PSD’s Ciolacu calls PM’s refusal to show up before Parliament abuse of office
Acting national chairman of the Social Democratic Party (PSD) Marcel Ciolacu said on Friday that if Prime Minister Ludovic Orban fails to show up before Parliament to inform the MPs about government’s actions related to the crisis created by the novel coronavirus, he will notify the Constitutional Court, because that would be “abuse of office.”
Asked on an Antena 3 show what he will do if the prime minister does not come up in Parliament and does not even send a report on the measures taken to combat COVID-19, Ciolacu replied: “We will also make a written invitation, we will notify the Constitutional Court. In my opinion, a decision of Parliament is law, it is not discussed, no one has commented on such a thing so far.”
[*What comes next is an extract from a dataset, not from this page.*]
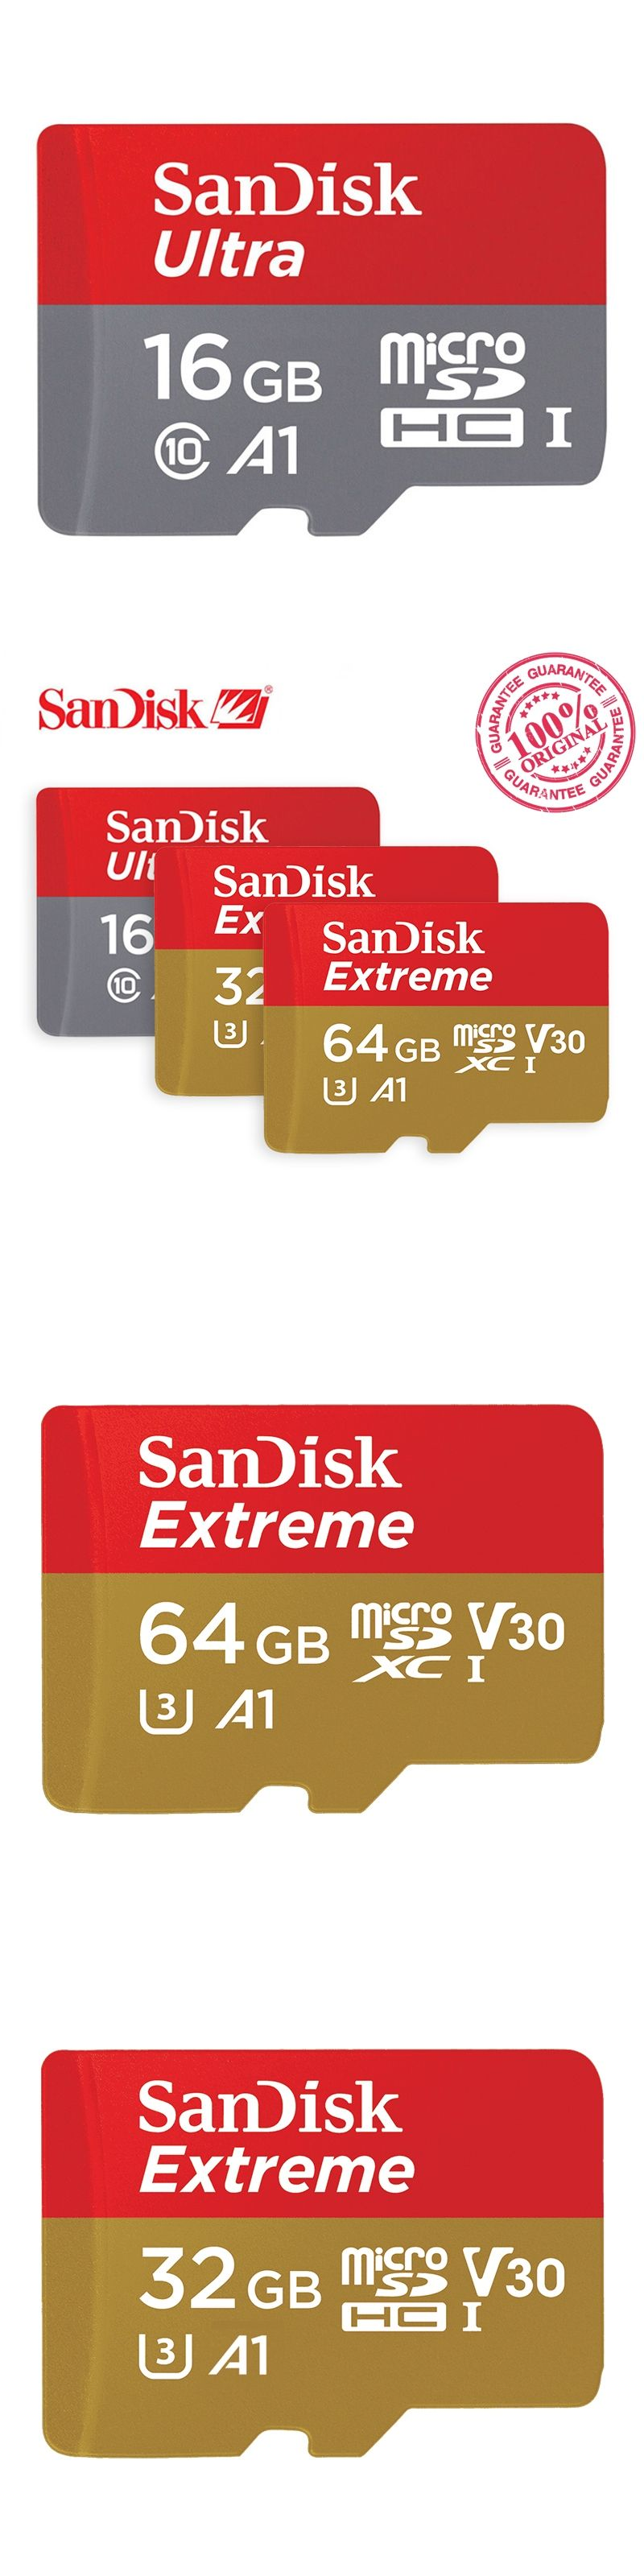 Sandisk Extremeultra Micro Sd Memory Card Uhs I Sdhc Sdxc C10 U3 New 48 Mb S 16gb Ultra 1 Class 10 Sdsqunb V30 A1

Ciolacu mentioned that Parliament approved a decision under which the prime minister is forced every seven days or whenever necessary to inform about the measures taken to combat COVID-19.
“It is an abuse of office that he defies Parliament. What I do not understand is how you can have such an attitude as long as the Constitution has Parliament work in a state of emergency, even if it is on a recess it has to convene. I am listening to the statements made by the prime minister and I am amazed that such a character is the prime minister with such an attitude towards the Romanian Parliament,” the PSD leader said.
In his opinion, the prime minister has a “defiant” and “unproductive” attitude.
Prime Minister Ludovic Orban said on Friday that he would show up in Parliament when Parliament reconvenes if invited.
ALDE’s Tariceanu: If Orban refuses to come to Parliament, we are going to notify CCR
ALDE (Alliance of Liberals and Democrats) leader Calin Popescu-Tariceanu said, if the Prime Minister refuses to come to Parliament, then there is an inter-institutional conflict going on and a challenge will be filed with the Constitutional Court of Romania (CCR).
“This is a gesture that I do not understand, for several reasons. First of all, I should tell you that Parliament does work. Not as smoothly, of course, things were more complicated, as we had to use technical communication means to hold our sessions on online platforms. Today, for instance, we’ve made an exercise and voted by using our tablets at the Senate, which means that Parliament did work. Also, as you know, several MPs, either Senators or members of the Chamber of Deputies, already came in person yesterday and there will probably be more of them next week, after we all were able to discover that this formula based on remote communication, even when using state-of-the-art equipment, it’s not the best suitable for Parliament, which is an institution that hosts democratic debates, and direct visual contact proved to be necessary, in the end,” Tariceanu told Antena 3 private television broadcaster on Friday.
He mentioned that, according to the Constitution, the PM has the obligation, every time when he is invited by Parliament, to come and present his viewpoint on the respective matter in relation to which the Parliament invited him in the first place. Moreover, Tariceanu brought to mind that Decision No. 4/2020 that extended the state of emergency provides that the head of the Executive must present the measures taken to combat the epidemic to Parliament every 7 days.
“I notified the Standing Bureau of the Senate, which further notified the Standing Bureaus of the two Chambers, which decided yesterday to send a letter to the PM to invite him to Parliament,” added Tariceanu.
“So the problem with how the Parliament organises its activity is the Parliament’s problem and not the PM’s! The PM only has this obligation: to come to Parliament and present the report that the Parliament asked from him. (…) If he refuses to do so, for various reasons, then we have an inter-institutional conflict, a constitutional conflict and we will go to the Constitutional Court,” said Tariceanu.